Retype all of the listing exactly, passing over any picture you find.

• **Source material**:

***

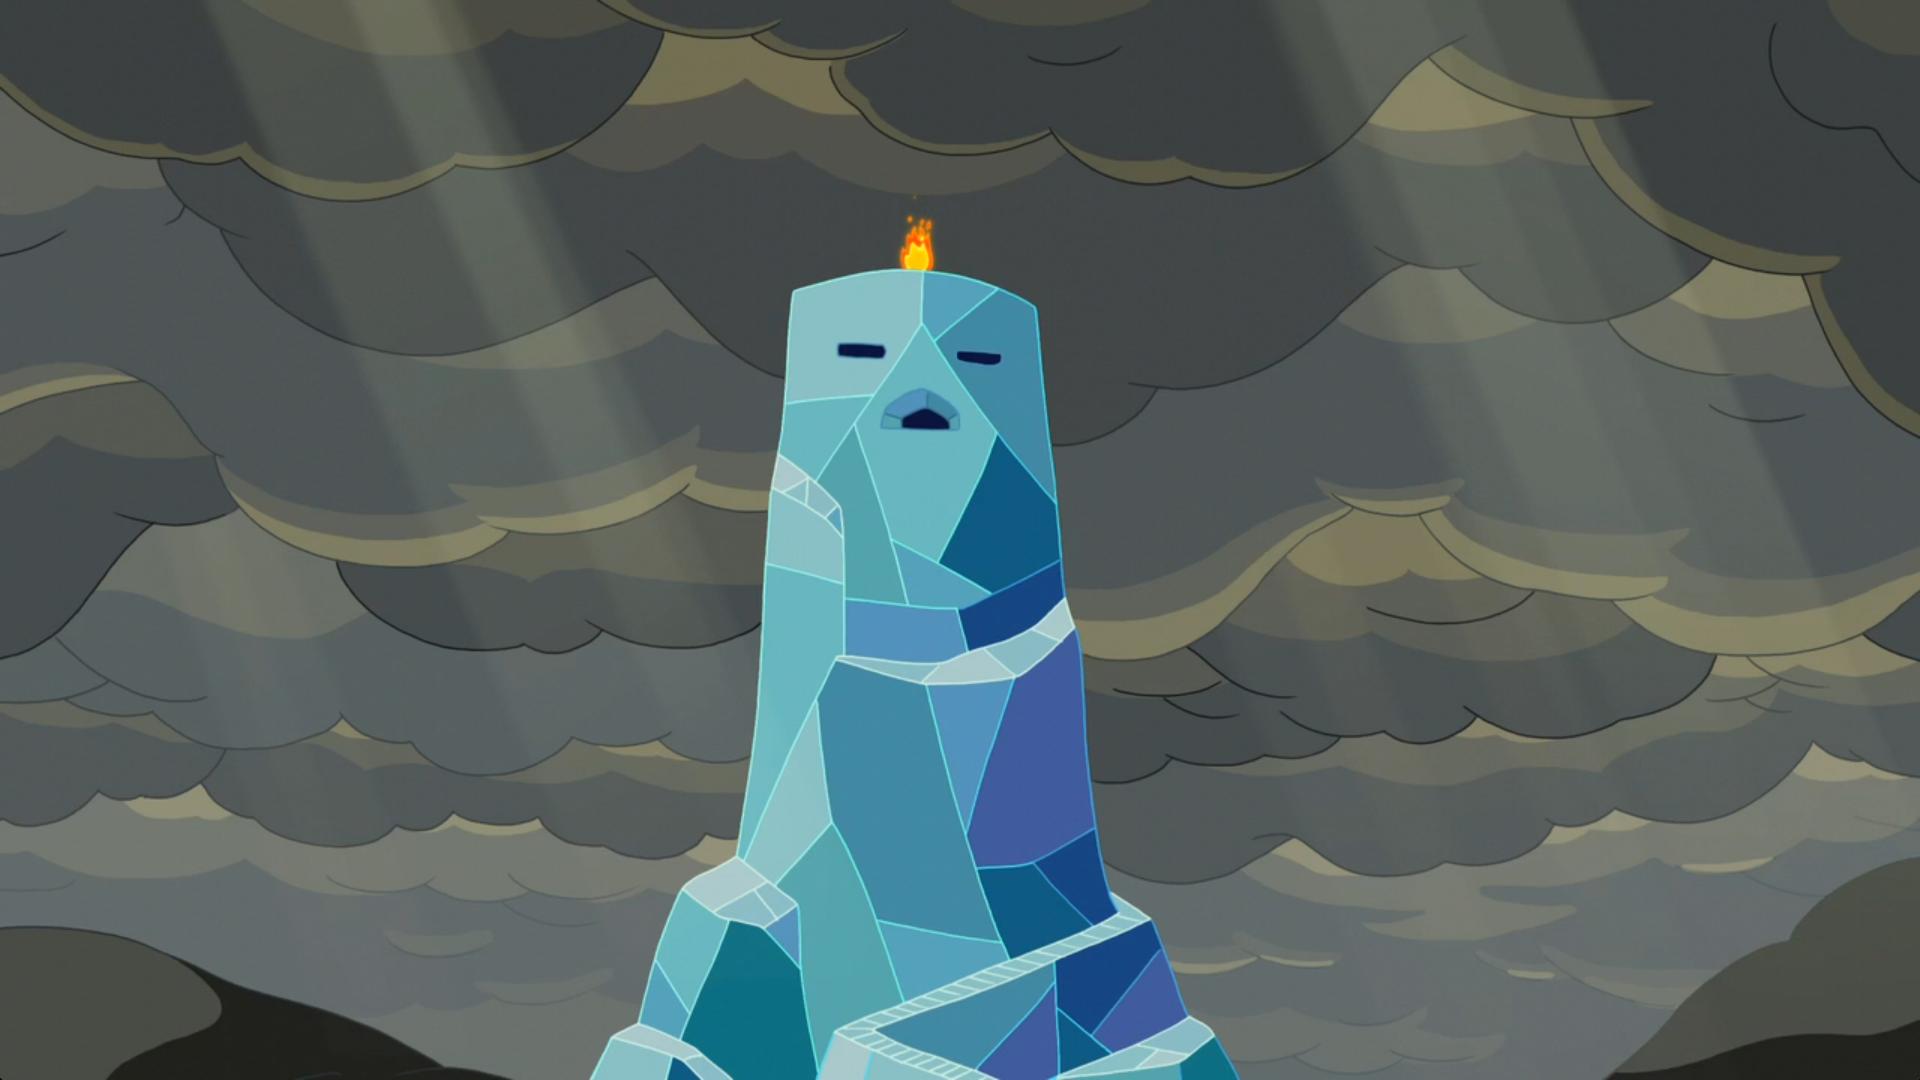 Torre de Evergreen
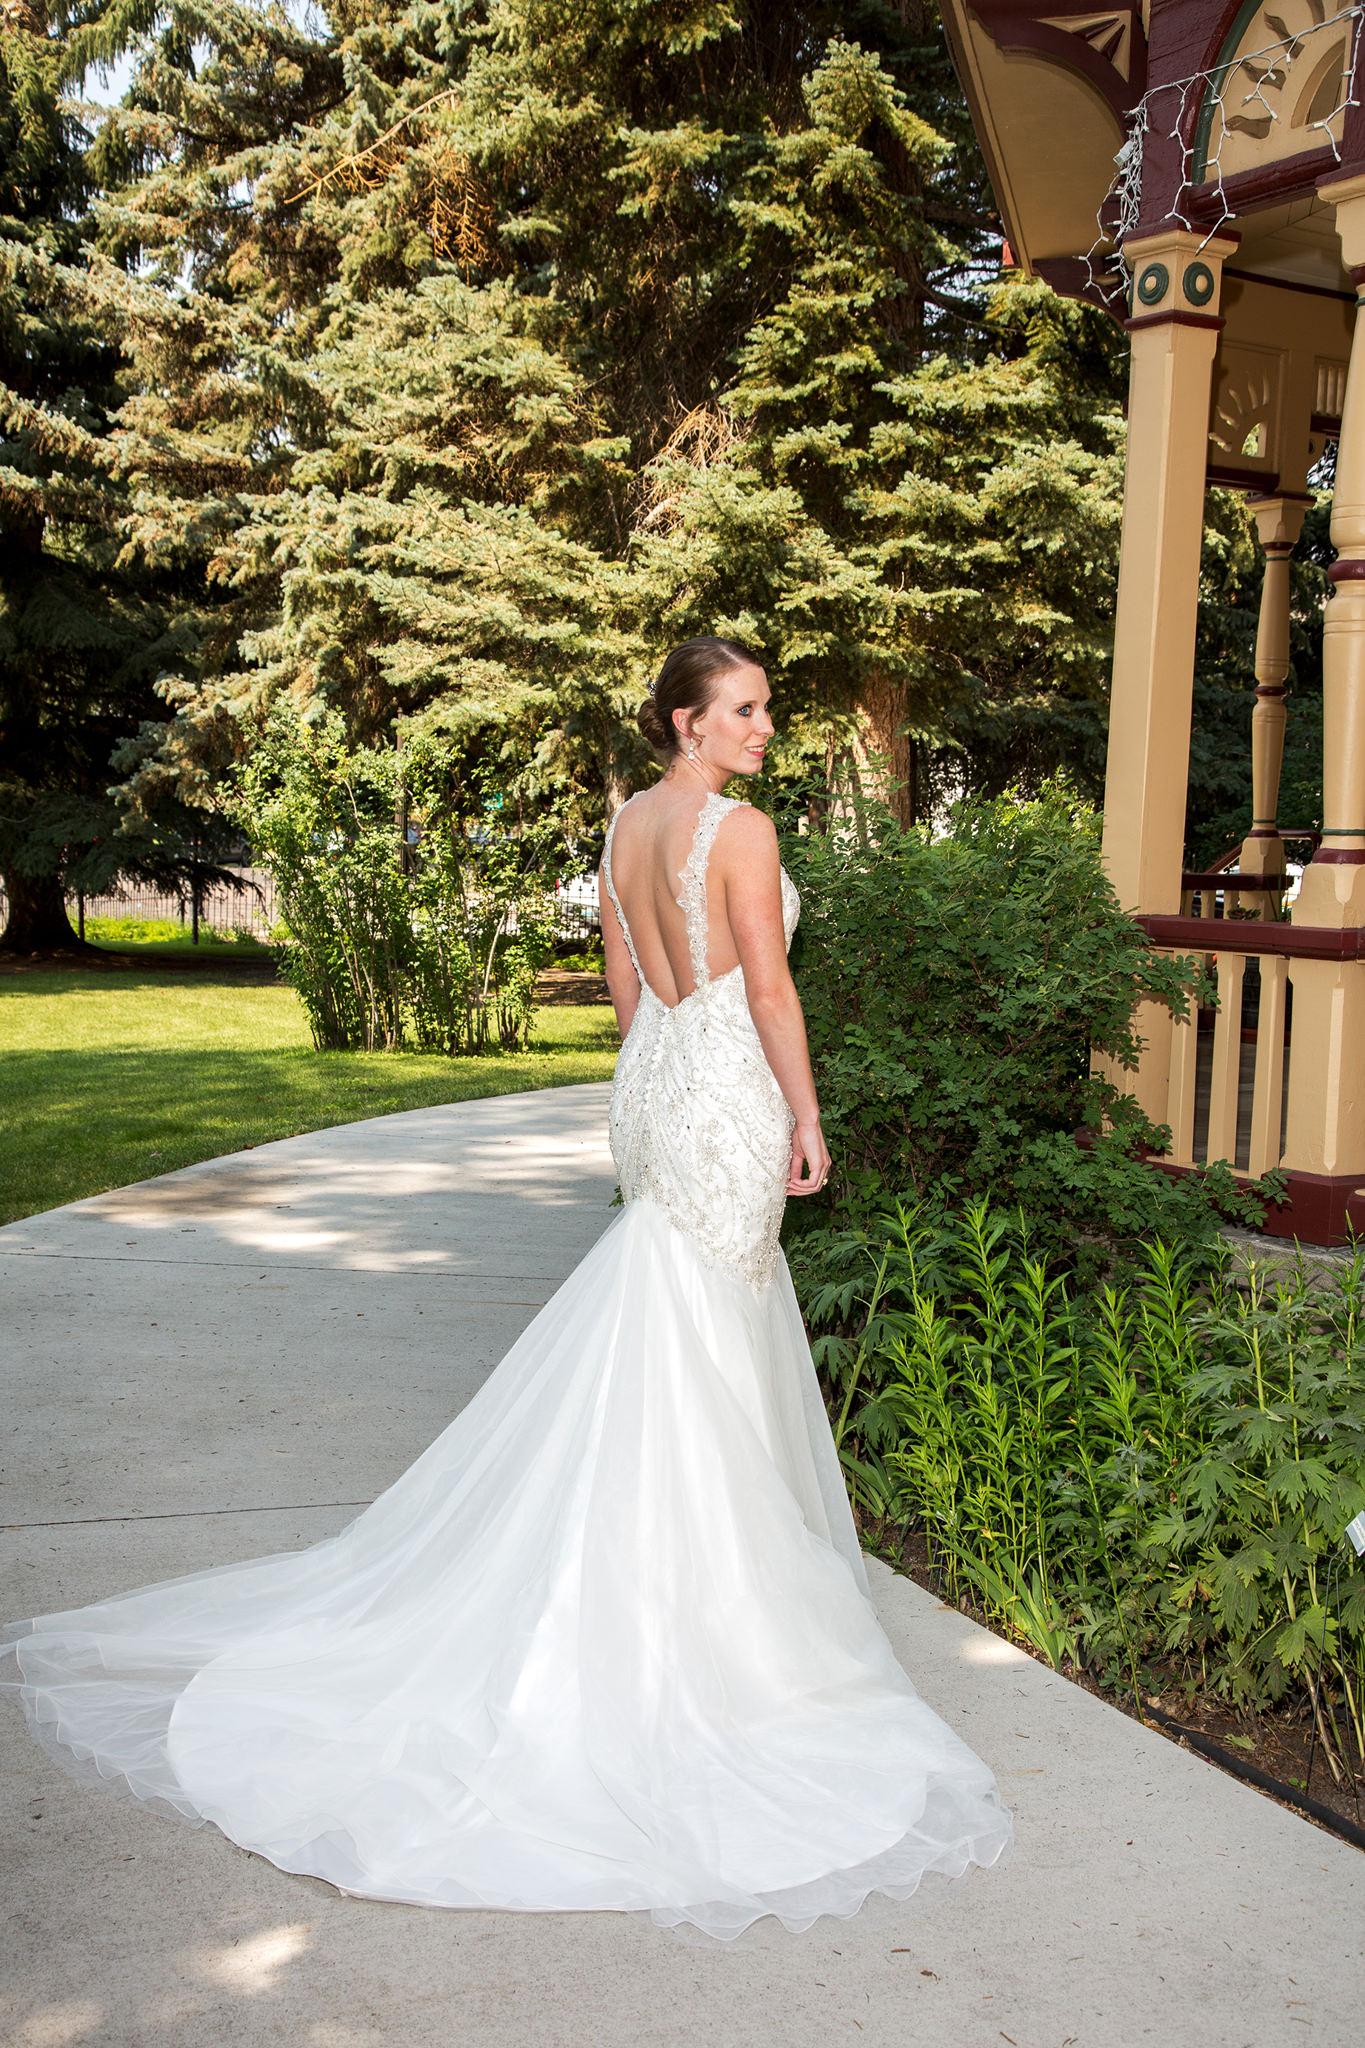 marchese_wedding_086 copy
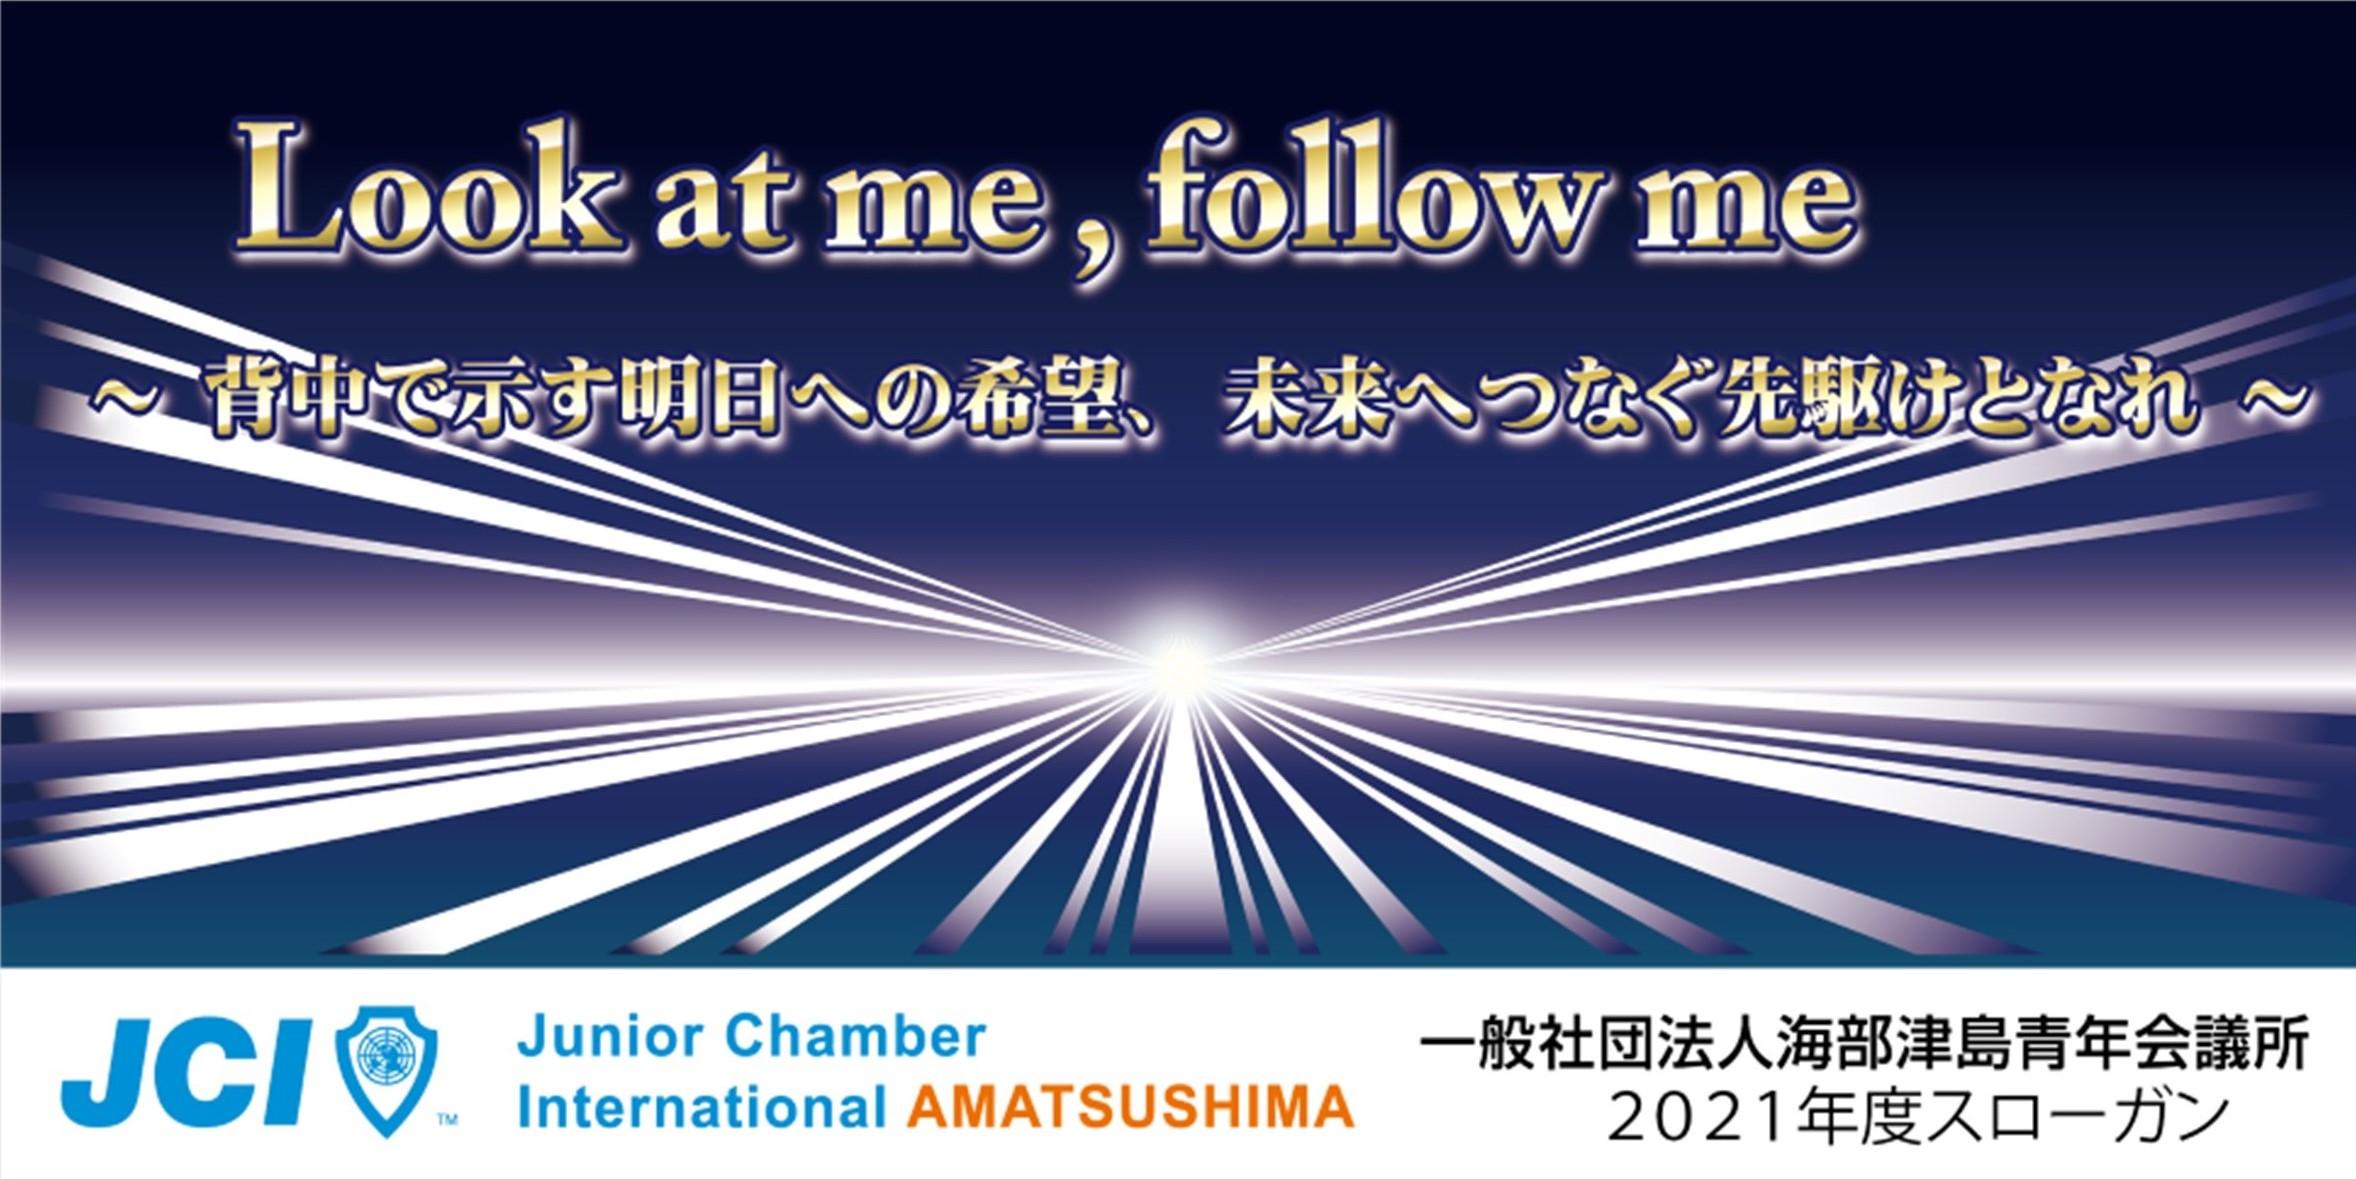 Look at me, follow me ~背中で示す明日への希望、未来へつなぐ先駆けとなれ~
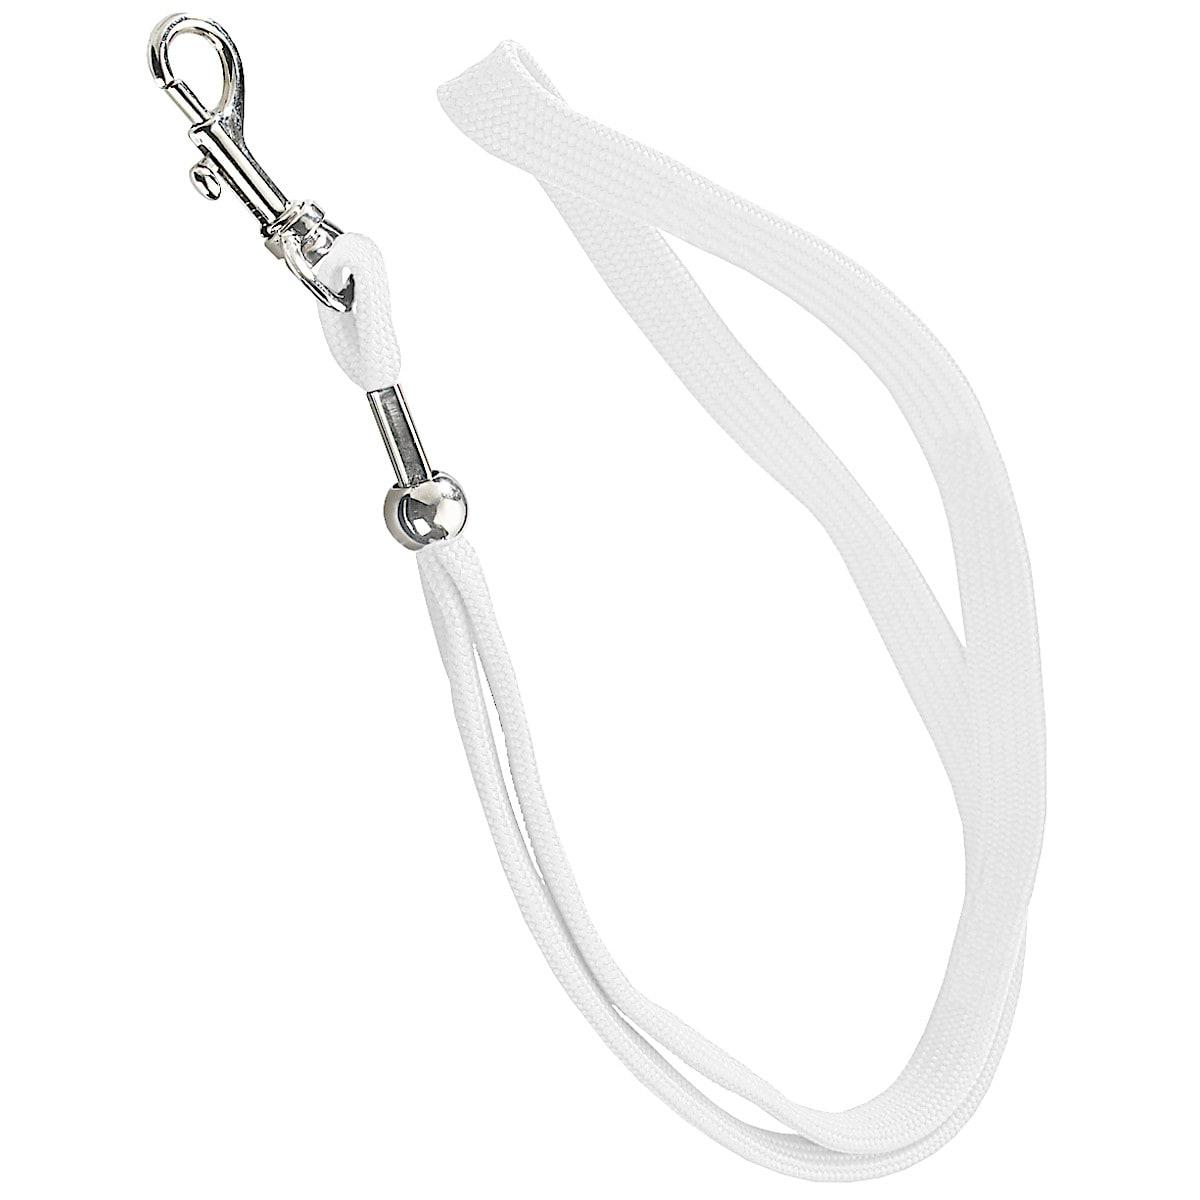 Snap Hook Key Lanyard

***

• **Response to the task**:
 Torre de Evergreen
 marchese_wedding_086 copy
 Look at me, follow me ~背中で示す明日への希望、未来へつなぐ先駆けとなれ~
 Snap Hook Key Lanyard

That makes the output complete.